Once the job stress ended on Friday afternoon, there was still the surprise party stress.  Let me tell you, I don't think I will be able to throw a surprise party again for a long time.  The party planning was easy.  It was the lies that were horrible.  I had to really think to keep track of which lies I had told and when and etc etc etc.  It just goes to show: honesty really is the best policy.  Let that be a lesson...don't ever lie!

Oh, the surprise party was for Mat.  He's turning 25.

He TOTALLY did not expect it.  There are some pretty priceless pictures as well as a video of him walking in.  It was quite a shindig, in the low key way.  We did have Thomas the Tank Engine plates, tablecloth, etc and a cake with a skateboarding kid and a party hat shaped pinata and trick candles.  Yes, he's turning 25.  Not 5.  I swear.

Wednesday, July 7, 2010

Something New

So here I am.  I finally have a blog going.  I've had a LiveJournal account for quite a while, but I haven't written in it in at least a year.  I'm not sure why that is, but I eventually just got out of the habit.  And then I noticed that when I wanted to read my friends' posts, nothing would show up.  That made me rather frustrated and I kind of just stopped checking it.  Perhaps I will delete it entirely now that I have this.  Or maybe not because deleting it would entail losing all the memories that I'm sure I will stumble upon should I ever go back and read through it.

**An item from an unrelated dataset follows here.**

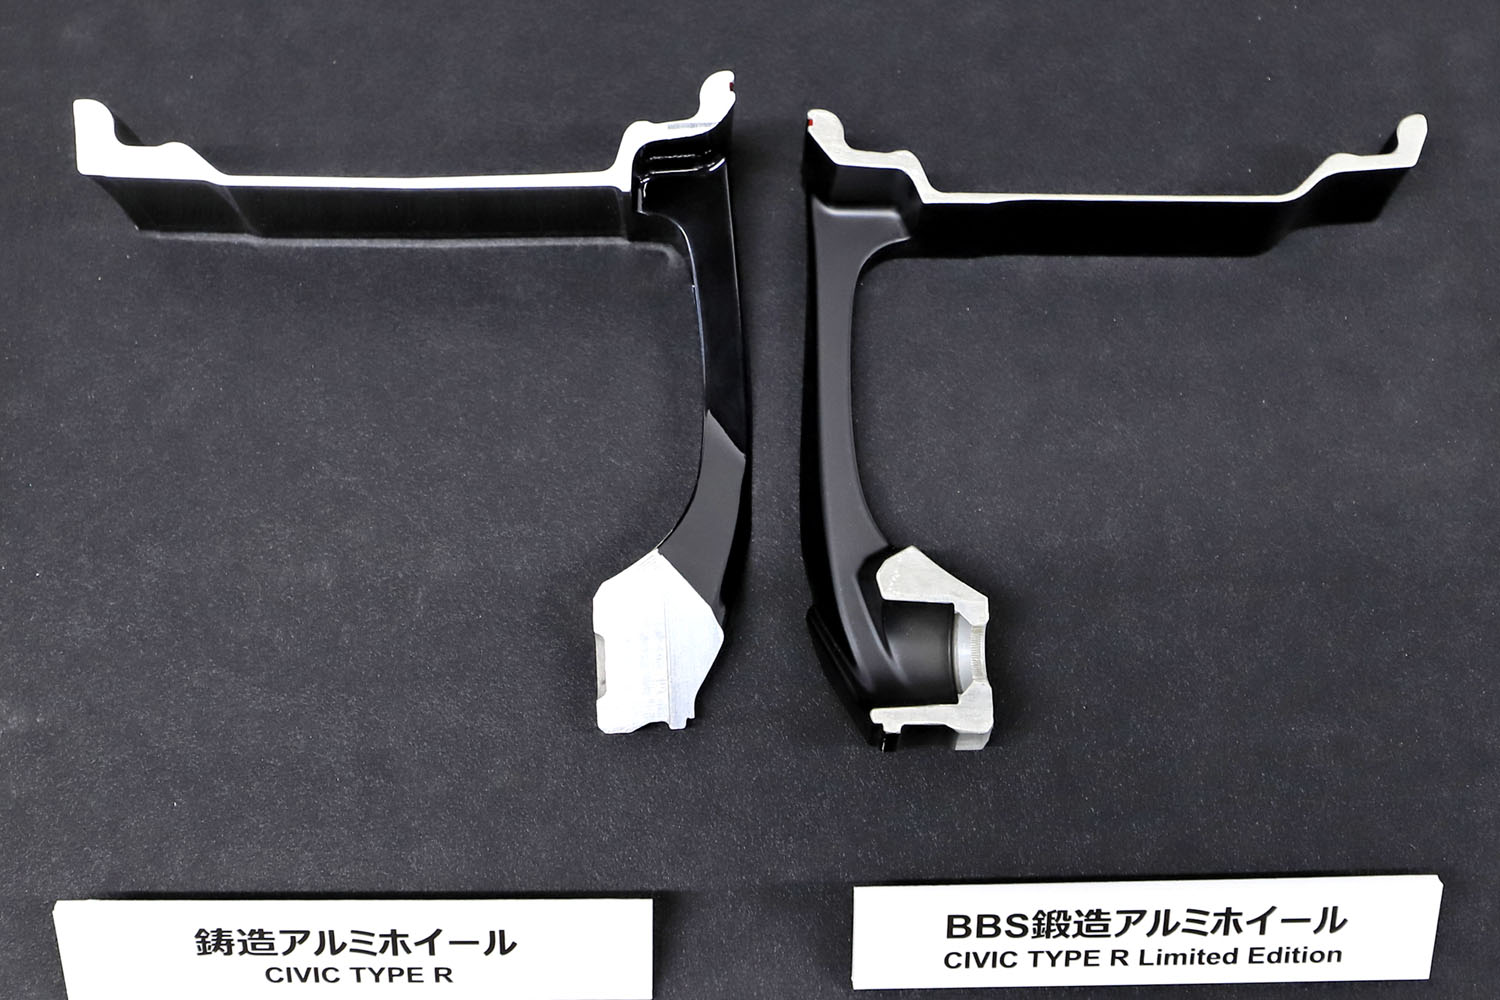 ホイールの断面見本。左が「タイプR」、右が「タイプR リミテッドエディション」のもの。リミテッドエディション用のBBS鍛造アルミホイールは、スポークの付け根が強く、リムが薄く加工されている。

In any case, here I am.  I'm not sure what this is going to become exactly, but I want the opportunity to explore the whole blogging thing and see where it takes me.  This is a quick post, just to finally get me started.  I am quite tired today and would like to get in bed and watch Friends and read my book before falling asleep.  Tomorrow promises to be another busy day with the MISS program at CSUF (more on that later), so the more sleep I get the better.  Oh yes, and I'm hoping to hear positive news from Whitney High School.  I interviewed there last Wednesday afternoon and was told I would hear from them whether I got a job or not by the following Wednesday or Thursday.  I didn't hear today, so that means I should hear tomorrow.  That also means that tomorrow my stomach will be tied in even larger knots than it was today and that my legs will be even shakier.  Should be fun.  I must remember though that either way I still have a job, because the offer from Santa Ana Unified is sitting in my inbox.  Life is good.  God is good.  Things will work out.